向寧紅唇彎了彎,露出一抹冷笑,“是你硬要拉我進包間,跟那些人一起羞辱我,你要真廢了一條手臂,我第一個鼓掌。”
“你……”曲晴氣到說不出話,狠狠瞪著她,“向寧你放開我!”
“不懲罰你可以,把完整版影片給我。”
“沒有!”曲晴冷著臉道,“我早把影片刪除了!”
“曲晴,我們打過兩次交道,我知道你甚麼樣的人。”向寧淡淡道,手指放在遙控按鈕上,“你不敢把完整版影片給我,是怕江總日後報復你,但你別忘了,我們在一個電視臺工作。”

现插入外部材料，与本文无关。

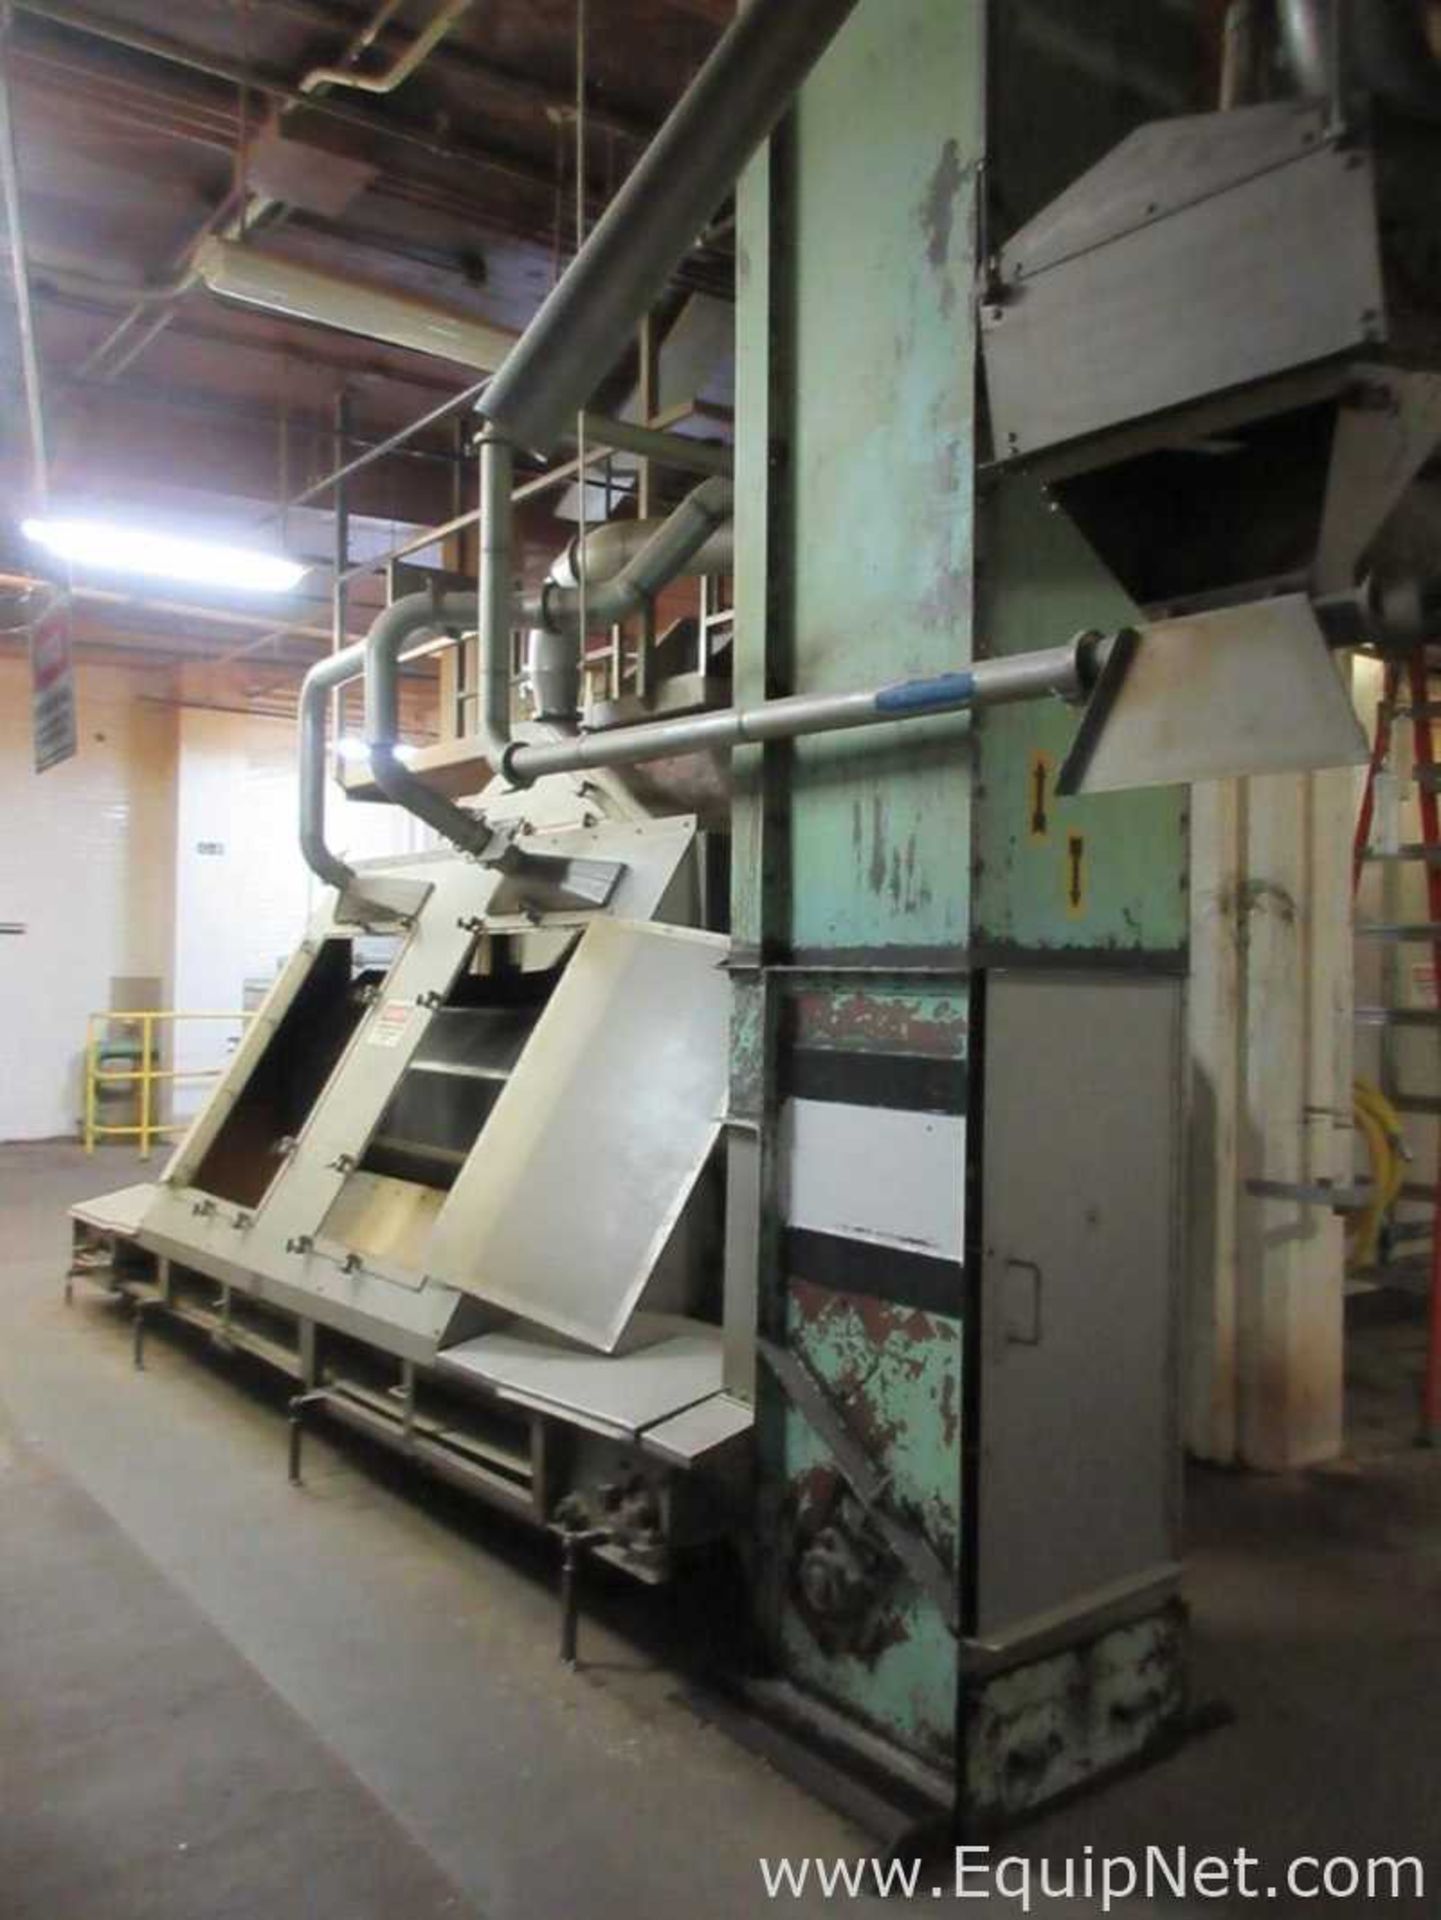 EQUIPNET LISTING #597061; REMOVAL COST: $0; DESCRIPTION: National Drying Machinery Belt - Image 7 of 27

“我也是有仇必報的,以後在臺裡遇見,我不可能讓你好過,你要是把完整版影片給我,在微博跟我道歉,這事到此為止。”
“行啊,那我就辭職!”向寧跟江總之間孰輕孰重,曲晴還是知道的。
向寧抱胸盯著她,“你就算辭職了,想進其他電視臺也沒可能,其他臺主持人位置緊張,你又沒親戚在,你以為你起得來?完整版影片要是發出去,江總跟她公司就完了。”
“你,你要把影片發出去,報復江總?”曲晴看向寧的表情不是在說話,頓時驚了,“你哪有這麼大能耐?”
她想起甚麼,眼睛又瞪大大的,“你真榜上霍雲琛了?”
是啊,若向寧跟霍雲琛沒關係,為甚麼那次在會所裡,霍雲琛要出手幫向寧?
“霍總那種人物,是說榜就能榜上的嗎?”向寧不想跟曲晴費口舌,有要按遙控的意思,“把完整版影片給我,不然我就把轉速開到最大,讓你在這轉一宿!”
曲晴想到剛剛被轉的情景,頓時怕了,“別轉別轉!影片還在我手機裡,你把我鬆開,我微信發你。”
向寧當然沒給她開啟手腳的金屬扣,而是忍著酸臭味,從曲晴口袋摸出手機。
“密碼。”
輸入密碼解鎖後,向寧很輕易就從相簿裡找到那段長達兩分多鐘的影片。
她登陸曲晴的郵箱,把影片發自己郵箱裡。
曲晴見向寧傳完影片後,立刻說,“影片是你跟我要的,發出去會怎樣可不管我的事啊,你別拖我下水!還有,只要我微博艾特小號出來,並跟你道歉,這事就清了,是不是?”
“等你發微博跟我道歉後,這事才能清。”向寧把曲晴的手機放地上,站起身。
曲晴見她手裡還拿著遙控,後背發緊,幾乎要尖叫,“向寧,我都按照你說的做了,你不講信用是不是?”
“我說不懲罰你而已,甚麼時候說要把你放了?”向寧反問。
曲晴,“……”
向寧將遙控器放在臺桌上,拿起自己的包包,“等酒吧打烊,服務生過來清掃時,會幫你的,那我就先走了。”
反應過來後的曲晴眼睜睜的看著門被關上。
裙子上的嘔吐物已經慢慢變幹了,酸臭味依舊在,讓曲晴聞著就反胃,氣的渾身在抖。
“向寧,我不會放過你的!”
曲晴那高分貝的尖叫透過小包間,淹沒在吵吵鬧鬧的娛樂室大廳裡。
向寧穿過擁擠的娛樂室,避開那些鹹豬手,剛拉開門出去,一抹高大的身影踉踉蹌蹌往這邊走,撞到了她身上。
向寧被撞的往後退了幾步,身體靠著走廊牆壁,勉強站穩。
撞她的人也趕快扶著牆壁站穩,似乎知道自己撞人,開口道歉,“抱歉。”
聽到這熟悉的聲音,向寧心裡一跳。
還不等她有所回應,男人已經抬起頭,溫潤的眼眸充斥著疲倦跟醉意,看到向寧時,頓時清醒了幾分。
“寧寧。”他往前跨,逼到了向寧面前。
自從醫院那一別,施南生就去全國各地的電影院為即將上映的電影做巡演,巡演完又是拍代言,又是新電影開機,忙的根本沒時間去找她。
維信,電話被向寧拉黑了,只能偶爾翻翻她以前的微博。
遇到向寧後,施南生感覺胃裡不那麼疼了,緊握著她的手,沙啞道,“寧寧,你要怎樣才跟我複合?”
娛樂室的門隨時會被開啟,向寧生怕有人會認出她或者施南生,用力掙脫施南生的手。
“醉了就去找你的助理!”向寧蹙著眉道,想要從他身邊離開。
施南生攔著不讓,壓低的語氣裡透著卑微,“我已經勒令陳姝君把孩子打掉了,寧寧,你原諒我行嗎?”
他似乎是難受,額頭不滿一層細汗,“只要你能原諒我,要我怎麼做都行。”
向寧幾次走不掉,正煩著,聽施南生這麼說,想起母親自殺的事。
她狠狠攥著拳頭,指尖掐進了肉裡,抬頭與施南生對視,眼裡帶著一種恨,“那你就去死吧!”